* **Exercise brief**
Copy out, exactly as written, only the line containing "U.S. Air Force Airman" and the lines after it through the end of the records.

* **Data for this task**
-*-*-
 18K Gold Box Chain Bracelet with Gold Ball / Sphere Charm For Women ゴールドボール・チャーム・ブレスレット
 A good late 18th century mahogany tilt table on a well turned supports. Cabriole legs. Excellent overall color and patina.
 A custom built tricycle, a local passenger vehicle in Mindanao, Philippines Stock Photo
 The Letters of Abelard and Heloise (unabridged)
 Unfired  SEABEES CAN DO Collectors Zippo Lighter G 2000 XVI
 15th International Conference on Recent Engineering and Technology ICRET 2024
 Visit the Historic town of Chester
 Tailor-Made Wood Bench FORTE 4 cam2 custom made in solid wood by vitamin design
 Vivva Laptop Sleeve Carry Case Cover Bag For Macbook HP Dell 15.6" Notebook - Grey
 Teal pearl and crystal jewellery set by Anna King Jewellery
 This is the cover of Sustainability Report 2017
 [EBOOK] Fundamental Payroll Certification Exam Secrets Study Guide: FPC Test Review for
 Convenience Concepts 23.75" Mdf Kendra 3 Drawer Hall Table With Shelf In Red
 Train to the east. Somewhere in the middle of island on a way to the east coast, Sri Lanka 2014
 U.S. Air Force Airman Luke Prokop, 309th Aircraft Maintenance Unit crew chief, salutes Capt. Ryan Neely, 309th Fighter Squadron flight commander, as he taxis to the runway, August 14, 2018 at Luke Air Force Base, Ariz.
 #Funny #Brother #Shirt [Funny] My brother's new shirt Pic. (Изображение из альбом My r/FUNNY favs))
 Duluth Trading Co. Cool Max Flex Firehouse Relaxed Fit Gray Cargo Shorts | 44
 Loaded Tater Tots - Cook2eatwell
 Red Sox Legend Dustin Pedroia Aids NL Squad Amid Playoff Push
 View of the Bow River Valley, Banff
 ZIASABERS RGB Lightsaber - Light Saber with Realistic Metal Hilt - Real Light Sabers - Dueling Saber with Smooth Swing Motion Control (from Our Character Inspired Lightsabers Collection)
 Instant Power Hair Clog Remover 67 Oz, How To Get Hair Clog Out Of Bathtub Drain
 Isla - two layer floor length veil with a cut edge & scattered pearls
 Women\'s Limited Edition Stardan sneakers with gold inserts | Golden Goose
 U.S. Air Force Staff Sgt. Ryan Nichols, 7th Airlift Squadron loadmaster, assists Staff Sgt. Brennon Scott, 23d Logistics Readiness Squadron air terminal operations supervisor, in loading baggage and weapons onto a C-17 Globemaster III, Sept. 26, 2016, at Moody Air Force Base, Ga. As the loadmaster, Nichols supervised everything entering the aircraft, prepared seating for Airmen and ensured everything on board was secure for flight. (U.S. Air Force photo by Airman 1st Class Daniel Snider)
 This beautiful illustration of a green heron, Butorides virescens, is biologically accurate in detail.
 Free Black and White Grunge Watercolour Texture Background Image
-*-*-
* **Result of this task**
 U.S. Air Force Airman Luke Prokop, 309th Aircraft Maintenance Unit crew chief, salutes Capt. Ryan Neely, 309th Fighter Squadron flight commander, as he taxis to the runway, August 14, 2018 at Luke Air Force Base, Ariz.
 #Funny #Brother #Shirt [Funny] My brother's new shirt Pic. (Изображение из альбом My r/FUNNY favs))
 Duluth Trading Co. Cool Max Flex Firehouse Relaxed Fit Gray Cargo Shorts | 44
 Loaded Tater Tots - Cook2eatwell
 Red Sox Legend Dustin Pedroia Aids NL Squad Amid Playoff Push
 View of the Bow River Valley, Banff
 ZIASABERS RGB Lightsaber - Light Saber with Realistic Metal Hilt - Real Light Sabers - Dueling Saber with Smooth Swing Motion Control (from Our Character Inspired Lightsabers Collection)
 Instant Power Hair Clog Remover 67 Oz, How To Get Hair Clog Out Of Bathtub Drain
 Isla - two layer floor length veil with a cut edge & scattered pearls
 Women\'s Limited Edition Stardan sneakers with gold inserts | Golden Goose
 U.S. Air Force Staff Sgt. Ryan Nichols, 7th Airlift Squadron loadmaster, assists Staff Sgt. Brennon Scott, 23d Logistics Readiness Squadron air terminal operations supervisor, in loading baggage and weapons onto a C-17 Globemaster III, Sept. 26, 2016, at Moody Air Force Base, Ga. As the loadmaster, Nichols supervised everything entering the aircraft, prepared seating for Airmen and ensured everything on board was secure for flight. (U.S. Air Force photo by Airman 1st Class Daniel Snider)
 This beautiful illustration of a green heron, Butorides virescens, is biologically accurate in detail.
 Free Black and White Grunge Watercolour Texture Background Image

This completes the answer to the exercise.